Morgan Stanley's rank rose to fourth as of June 30 from seventh as of March 31. For the first quarter Morgan Stanley handled only $3.5 billion.

Morgan Stanley brought $9.1 billion negotiated dealss to market and underwrote $3.32 billion competitive issuances as of June 30. It had only managed $2.1 billion negotiated issuances and $1.3 billion competitive sales in the first quarter.

"If you isolate our Q2 results our negotiated market share was 10.6% and competitive 10.3%, we have definitely seen an acceleration or increase in market share," Wynne said. "Our market share picked up in the second quarter vs the first quarter based on some of our hires."

The bank has been expanding its municipal securities team since it merged its institutional and wealth management municipal desks in March.

The bank recently hired such well-known professionals as Victor Radina, executive director of health care, from Citigroup Global Markets. It also brought in Ryan Vollmer, executive director of western infrastructure from RBC Capital Markets.

"We're still looking to selectively hire and grow. It has to be the right fit for us with person or people hiring; we are still actively in dialogue with some people," Wynne said. "We still have a mandate from firm to grow the public finance business."

Wynne said that two large negotiated refundings also boosted Morgan Stanley's rank from the first to the second quarter.

“One was for New York City that was just over a billion and one for state of Connecticut that was $822 million,” he said.

"[Morgan Stanley used] creative banking to identify refundings early," Wynne said.

Feheley said that JPMorgan is also concentrating on the negotiated space and said that part of their strategy is to be one of the top negotiated underwriters. The bank placed third for negotiated underwriters managing $10.2 billion with a 9.5% market share. Its market share for negotiated sales was 6.7% in the first quarter, when it ranked fifth.

"We were one of the leading negotiated underwriters in Q2 and more than doubled our volume over Q1," he said.

Feheley said that in terms of negotiated market share JPMorgan had a 40% increase. He attributed part of this to them leading the largest negotiated transaction in the second quarter, the approximately $1.6 billion L.A. unified school district deal.
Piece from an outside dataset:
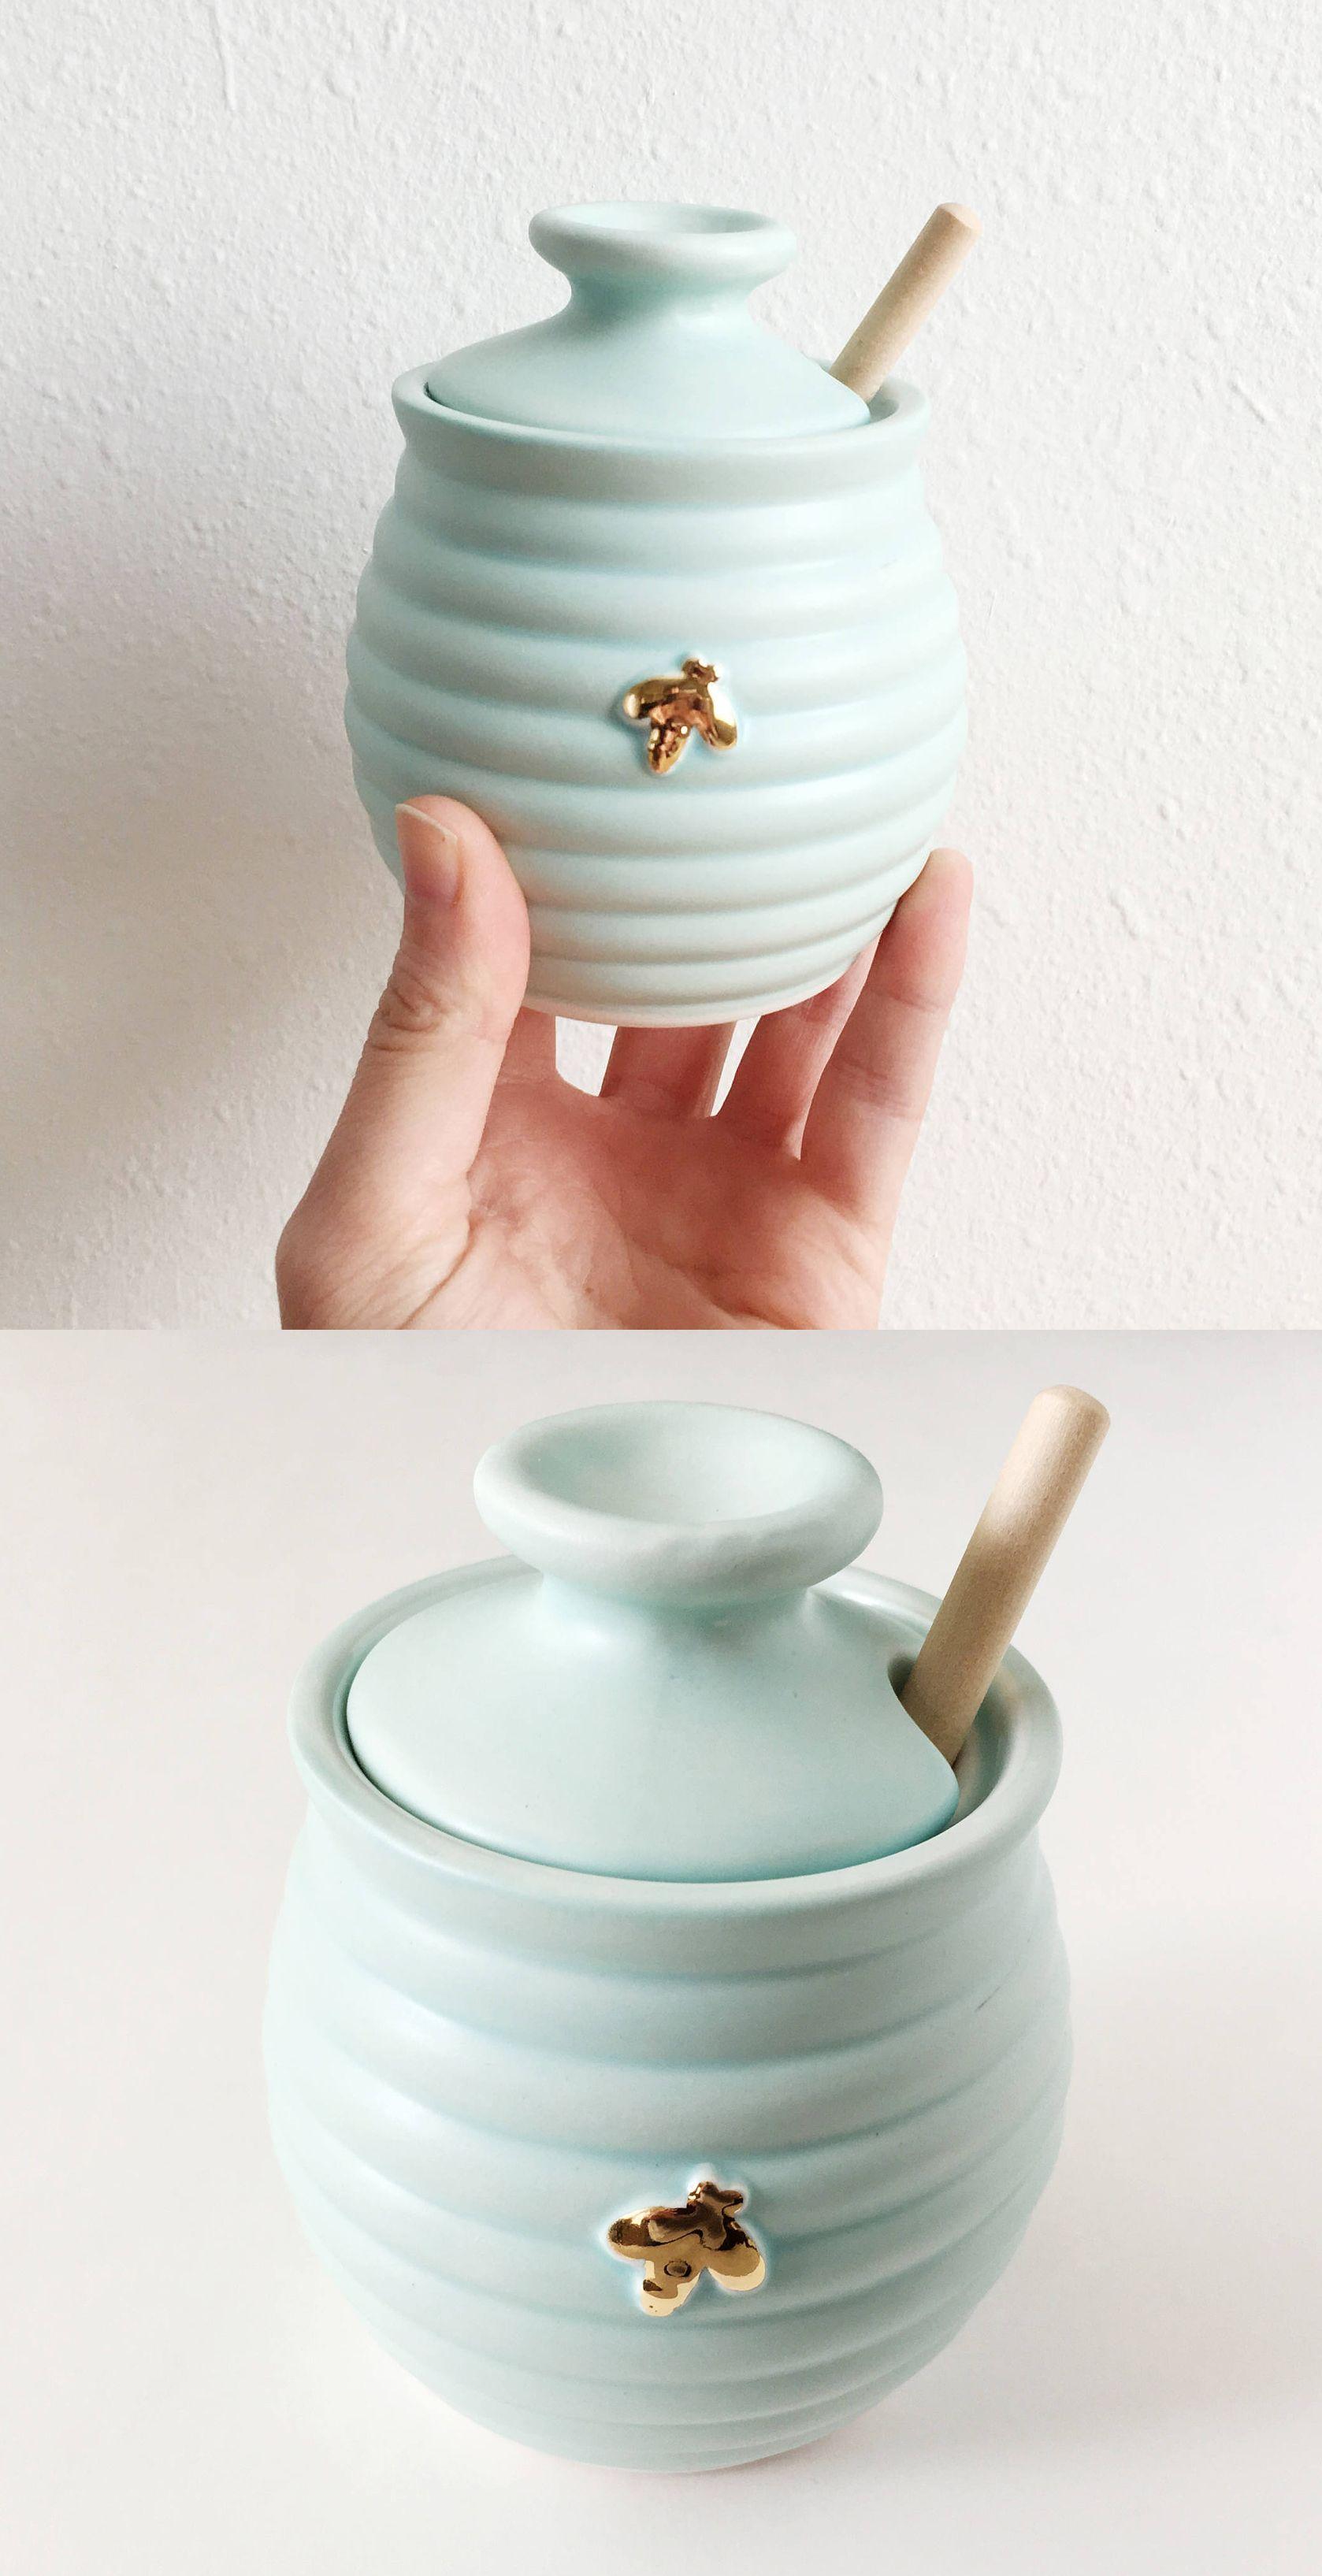 Honeybee Honeypot By Pottery Lodge Aesthetic Pinterest  # Muebles Novella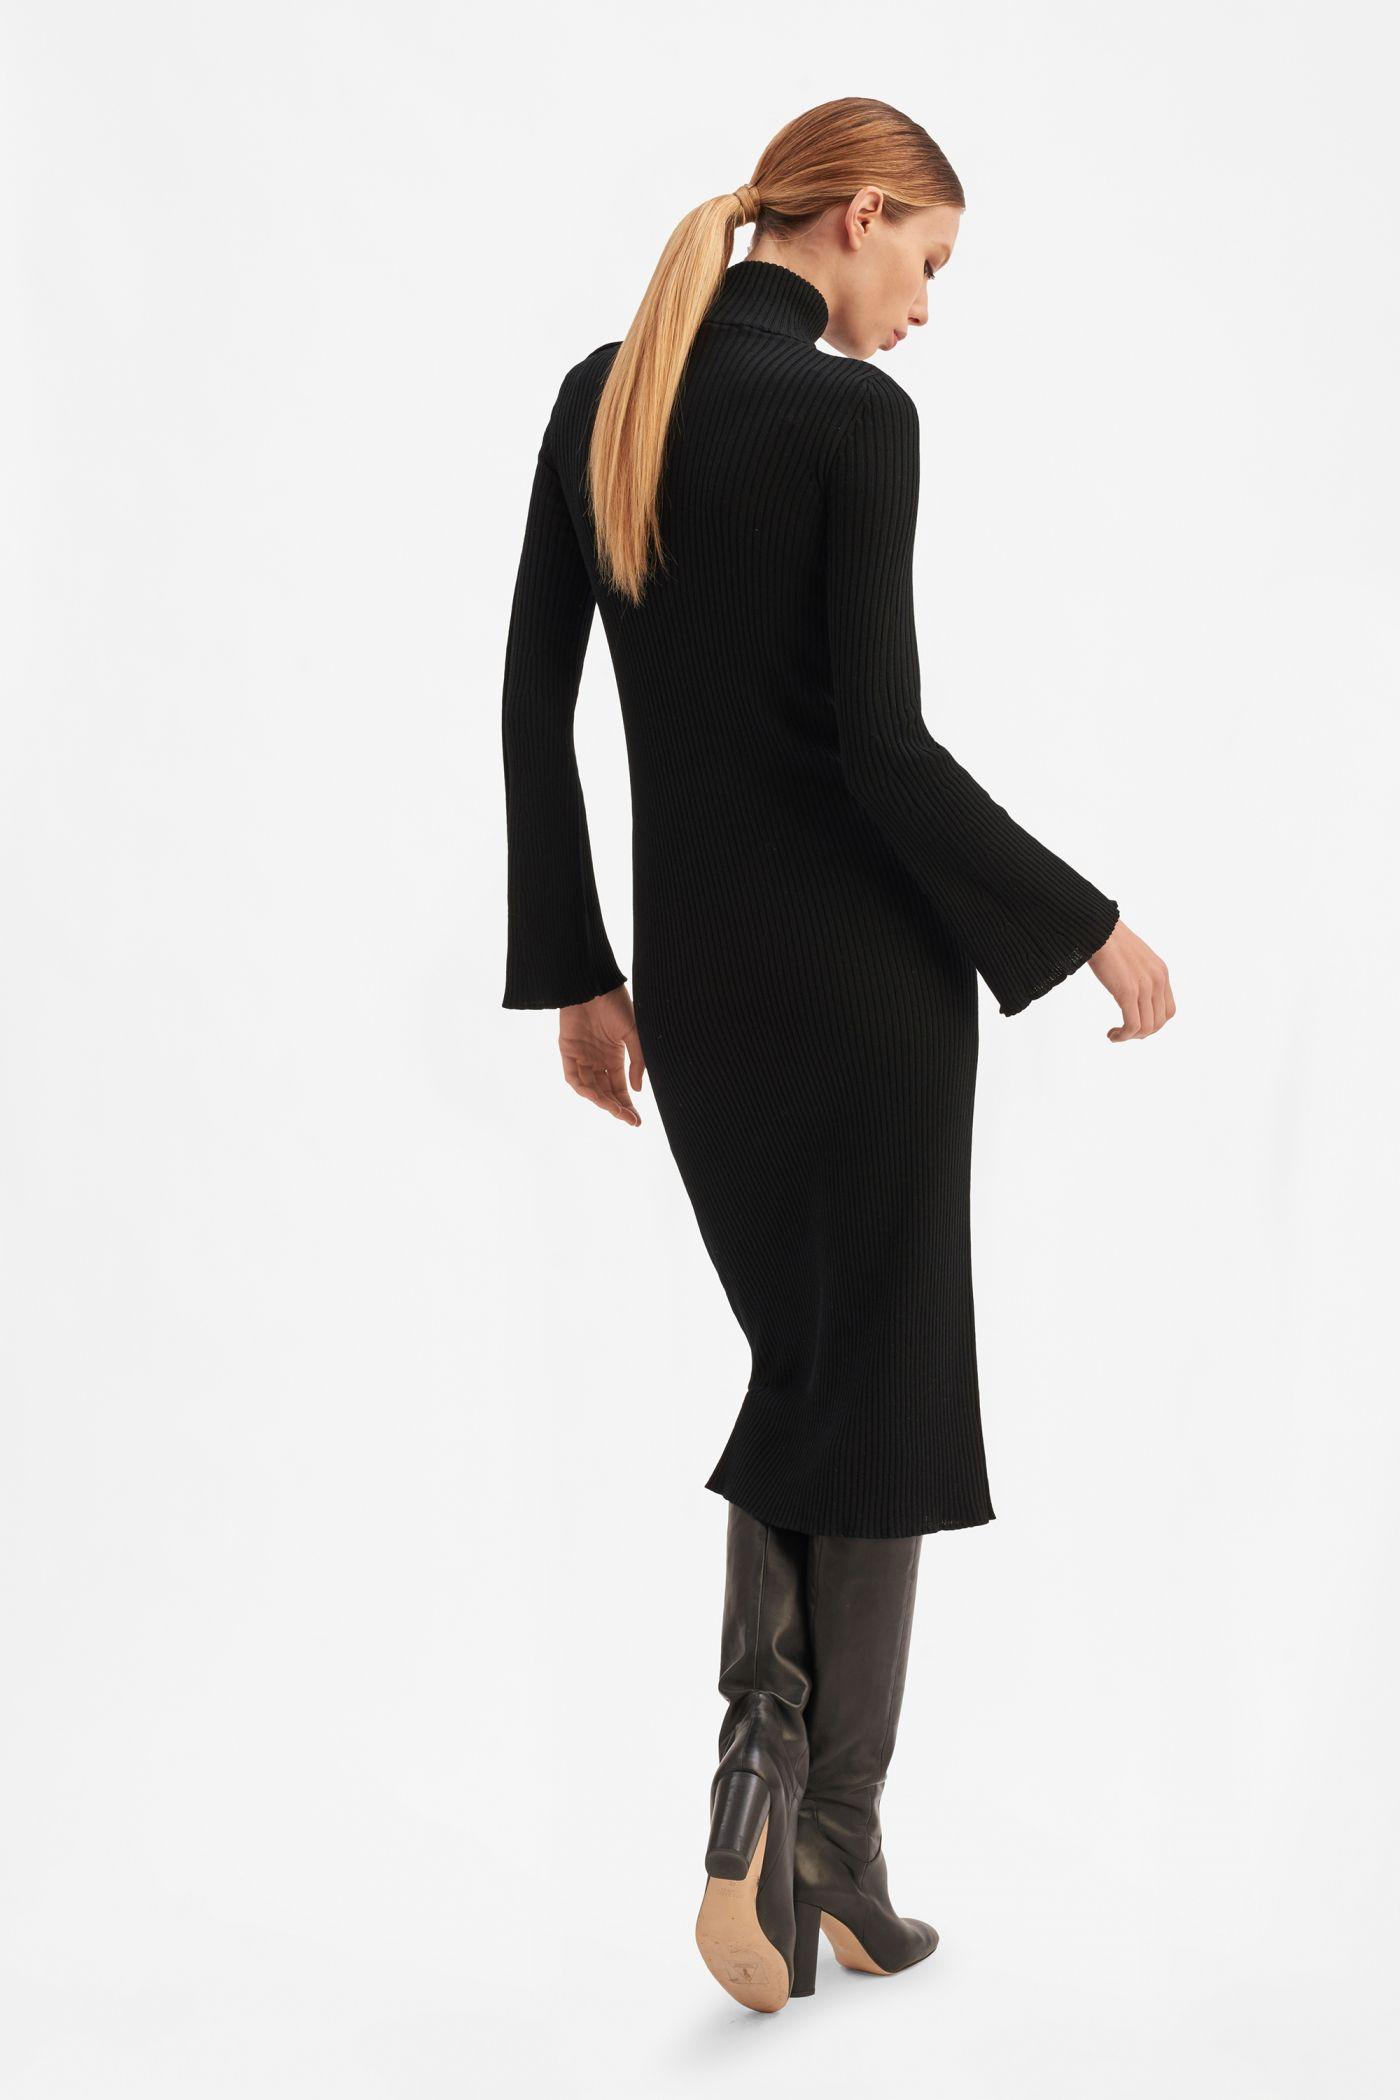 MISTICO DRESS 101 3

"We were also lead manager for Metropolitan Washington Airport authority's $422 million [issuance], and the roughly $500 million [deal] for the Texas Public Finance Authority," he said.

Barclays Capital was the biggest mover in the underwriter ranks for the first half of this year. Barclays surged up to sixth place handling $9.2 billion from 10th place with $6.5 billion for the same period in 2013.

Part of the reason Barclays' rank has risen so much is that it underwrote Puerto Rico's $3.5 billion general obligation issuance in March, the largest deal so far this year. It managed to hold its own in the second quarter without the boost from the commonwealth's mammoth deal.

In the first quarter it ranked fifth managing $4.4 billion, and underwrote $4.2 billion during the second quarter.

Barclays didn't responding to calls or emails about its underwriting for the first half of this year by press time.

Citi came in third handling $14.9 billion, the same place it was last year when it managed $18.6 billion. Wells Fargo also held the same rank, at No. 5, with $9.2 billion for the first half of 2014.